Bu bilinç, kurumsal açıdan ülkemizde yaygın olsa da kurulu gücün yaygınlaşması gerçekleşmeden bir vizyon olmaktan öteye geçemeyecek. Bu aşamada Türkiye olarak ihtiyacımız, rüzgar santrallerinin doğayla dost bir planda yaygınlaşmasını sağlamak ve bunu hızlı bir şekilde gerçekleştirmek.
Sektörde yaşadığınız belli başlı sorunları aktarır mısınız? Bunların çözümüne ilişkin önerilerinizi alabilir miyiz?
Sektörümüz her geçen gün daha da olgunlaşsa da özellikle servis tarafında profesyonellik açısından hala yol alınabileceğini düşünüyorum. Maliyetlere bakış açısının kısa vadeli ve tasarrufa dayalı kazanımlarla değil, üretime kazandırılan ek kapasite ile ölçümlenmesi daha sağlıklı olacaktır. Bilgi çağında bulunuyoruz ve Ülke Enerji olarak biz, yıllardır faal olan rüzgar enerjisi piyasalarında hangi hizmetler var ise Türkiye’nin başlangıç noktasının da o seviye olması gerektiğine inanıyoruz. Yani, diğer ülkelerin geçtikleri yolları tekrar keşfetmemize gerek yok. Onların bugün deneyimledikleri servis kalitesini ülkemizdeki yatırımcılara ve üretici firmaların temsilcilerine yaşatmaya dönük bir aksiyon planımız var. Ancak bu bakış açısı yerine salt kas gücü veya pansuman servislere olan eğilim, servis sektörünü baltalayabiliyor. Ayrıca herkesin şikâyetçi olduğu personel dönüşüm oranlarını düşürebilmenin yolu da çalışan memnuniyetinden geçtiği için servis firmalarının, ekiplerine daha çok eğitim vermesi ve bunları da işlerine yansıtmaları gerektiğine inanıyoruz. Ancak bu yolla sektörümüz gelişir, insan kaynağımız ve müşterimiz mutlu olur.
Ülke Enerji olarak gelecek dönem planlarınızdan söz eder misiniz?
Başta vurgulamam gerekir ki Türkiye’de yenilenebilir kaynakların ekonomiye kazandırılması yolundaki çalışmalar sürdükçe, rüzgar enerjisi serüveni de hızla devam edecek ve Ülke Enerji bu performansın servis sektöründeki baş aktörü olacak. Yalnız bu vizyonun gerekliliklerinin de kurum olarak tabii ki farkındayız ve gerek eğitimlerimiz gerek de yatırımlarımızla iddiamızın karşılığını vermek için donanımlarımızı sürekli güncel tutuyoruz.

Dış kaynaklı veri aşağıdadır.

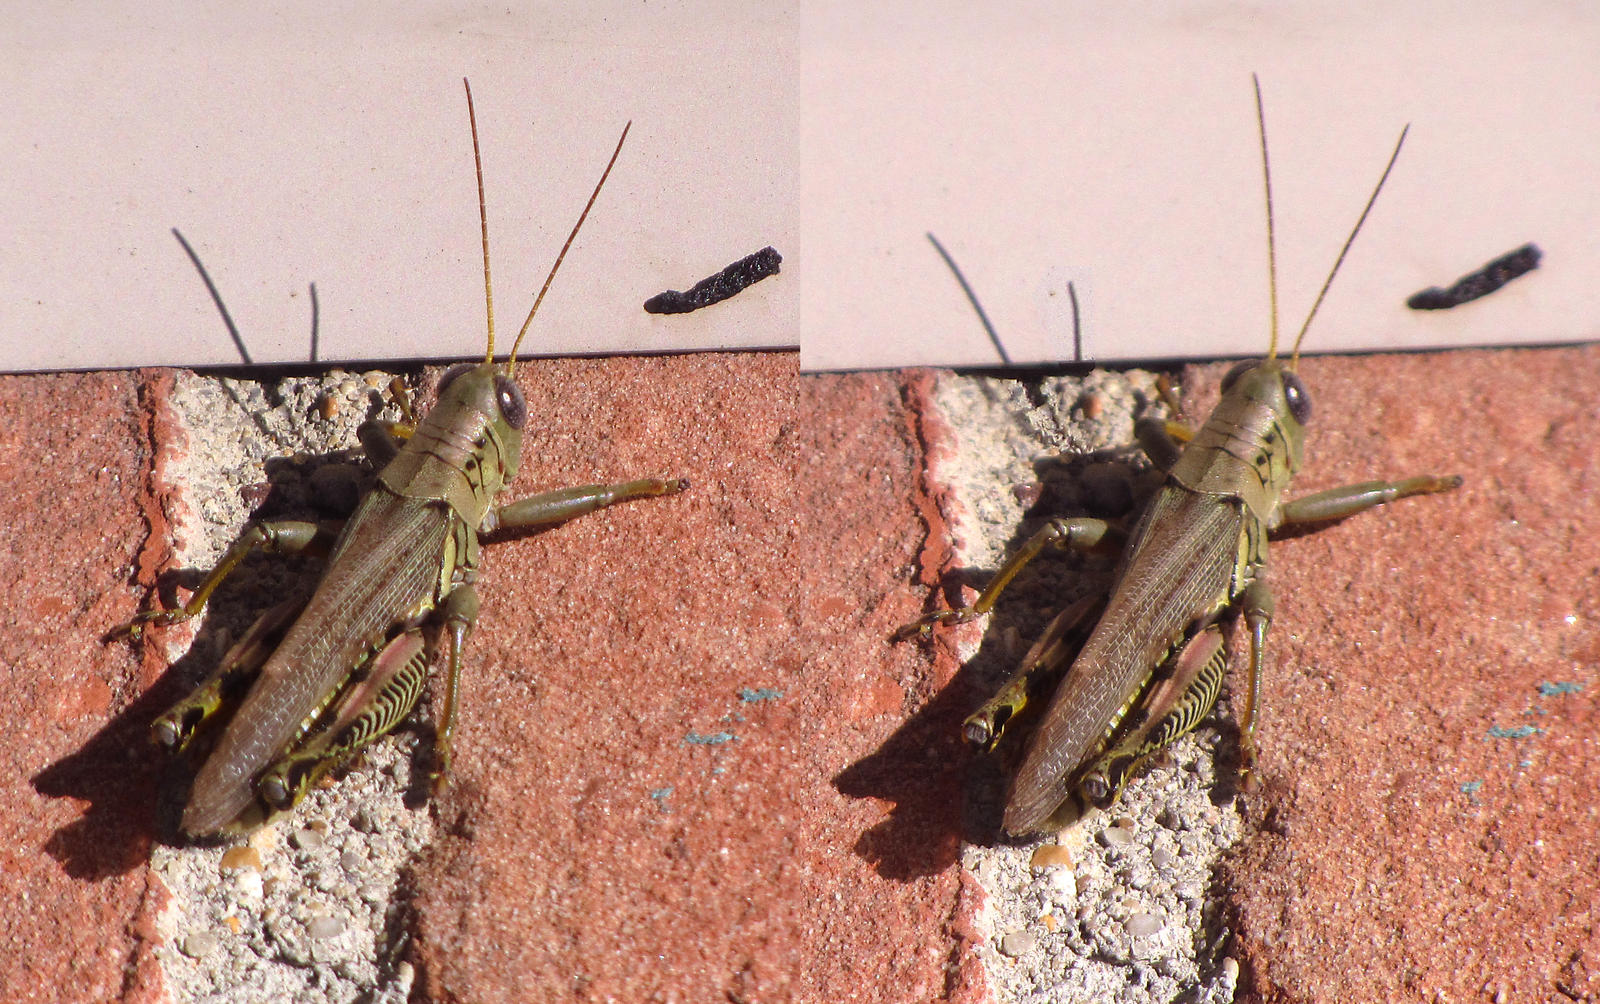 Stereograph - Grasshopper

Bu bağlamda, günümüzde olduğu gibi gelecekte de iş güvenliği ve enerji arzının korunması unsurlarından taviz vermeden kalitemizi en üst düzeyde tutmaya devam edeceğiz.
Diğer yandan makro seviyede ekonomik dalgalanmalar da elbette olacaktır. Enerji sektörü de bu dalgalanmalardan etkilenecek ancak rüzgarın ekonomiye istikrar kazandıracak en önemli odaklardan birisi olduğuna dair inancımızı sürdürüyoruz. Bu sektöre olan en ufak katkı dahi, ülkemizin parlak geleceğine dönük büyük bir yatırım adımıdır. Bu bilinçle sosyal ve ticari motivasyonumuzu işimize yansıtmaya devam edecek, yatırımlarımızı artırarak sürdüreceğiz.